Severance Charges Add to Third-Quarter Compensation Expense

Employee cash compensation expense increased 5% to $58.5 million in the third quarter from $55.5 million a year earlier, including $1.6 million of severance charges. Excluding severance charges, cash compensation rose 3%, in contrast to a 7% increase in revenue. As a percentage of revenue--excluding severance charges--compensation declined to 58% in the seasonally weak third quarter, versus 60% a year earlier.

The company also recognized a higher compensation expense related to its 2004 Talbot acquisition. (See The Talbot Charge, below). Reflecting earnings growth at Talbot, this earnout compensation increased to $7.6 million in the third quarter of 2005 from $6.9 million a year earlier. As the three-year Talbot earnout period continues, the amount of compensation recognized for the earnout will decline, beginning in the fourth quarter of 2005.

Selling, occupancy and administration expense increased 8% to $20.4 million from $18.9 million a year earlier. Although this overhead expense category increased to 21% of revenue from 20% a year ago, Hughes said the increase, attributable primarily to the timing of expenses, ultimately would not impede the Company's progress in reducing these expenses as a percentage of revenue.
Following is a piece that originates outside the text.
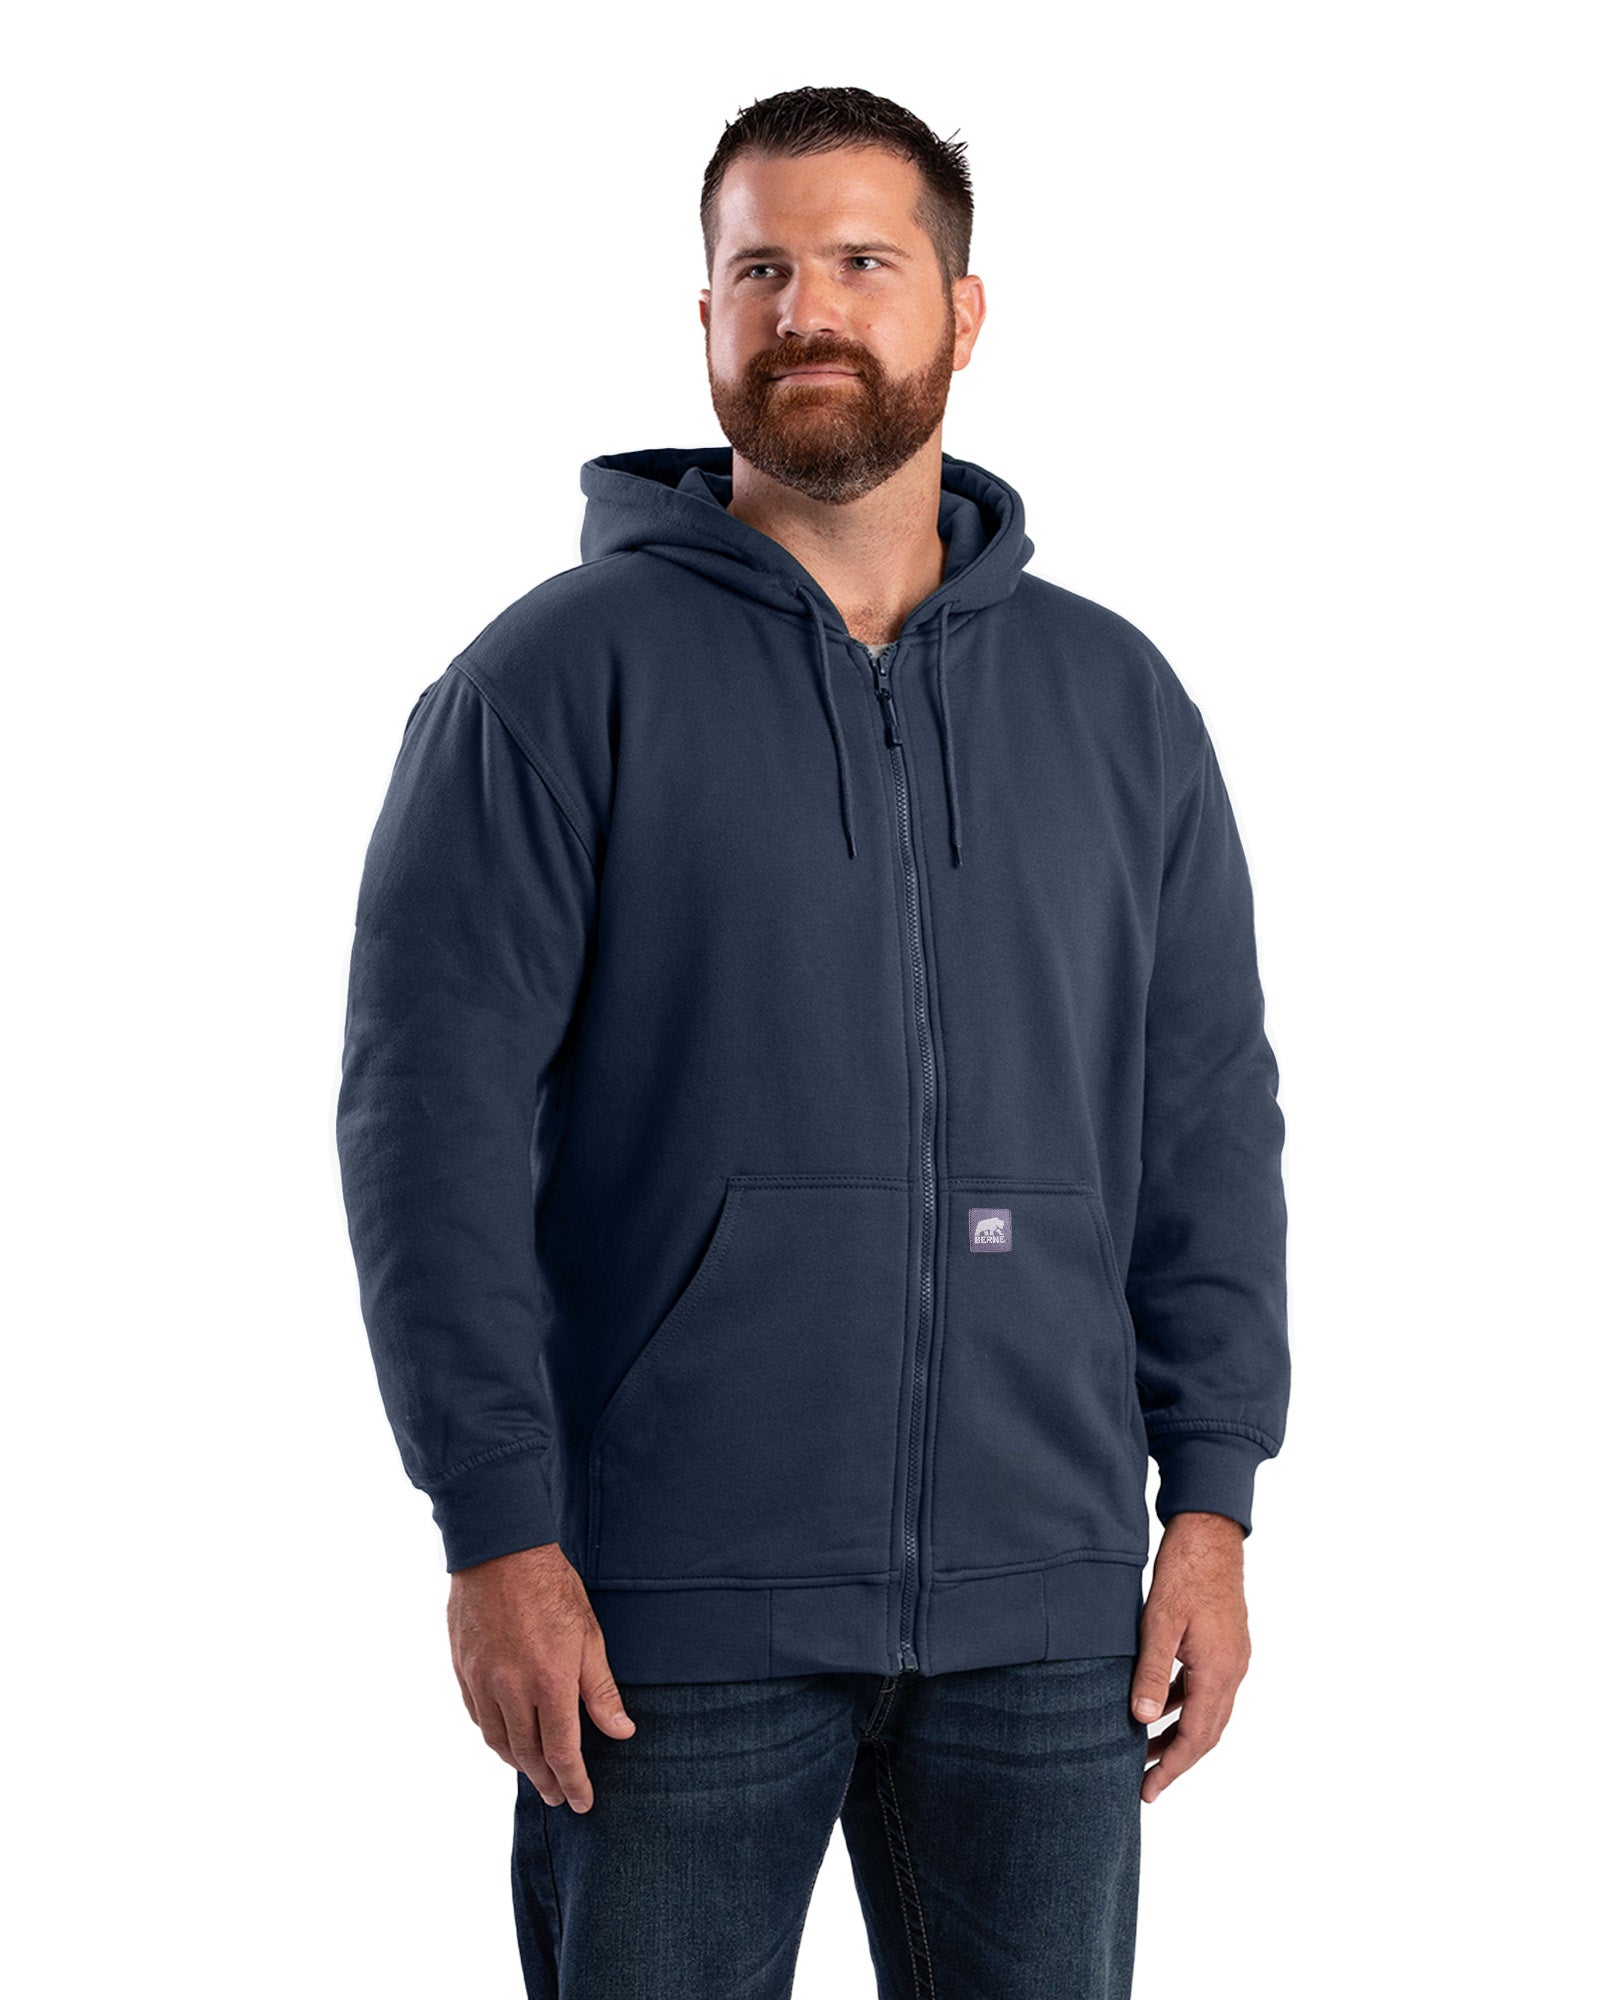 Berne Heritage Thermal-Lined Full-Zip Hooded Sweatshirt - Tall - Mens

Interest expense increased 19% to $2.7 million from $2.3 million a year earlier, due to higher interest rates. The company also recognized a $0.2 million gain on disposition of assets in the third quarter of 2005, compared with a $1.0 million gain in the same period of 2004.

In anticipation of funding the acquisition of Personal Lines Insurance Brokerage, Inc., the company entered into a foreign exchange forward contract to convert Canadian dollars to U.S. dollars. The difference between the forward rate contracted and the spot rate at the date of conversion generated a foreign exchange loss of $0.6 million, or $0.4 million after tax, and reduced diluted earnings per share for the quarter by $0.01.

The low third quarter earnings level and the non-deductible nature of the Talbot charge led to a 110% effective tax rate in the third quarter, up from 71% a year earlier. Excluding the impact of the Talbot charge, the tax rate would have been 32% compared with 27% in 2004 (when adjustments were made to recognize the benefit of certain loss carryforwards).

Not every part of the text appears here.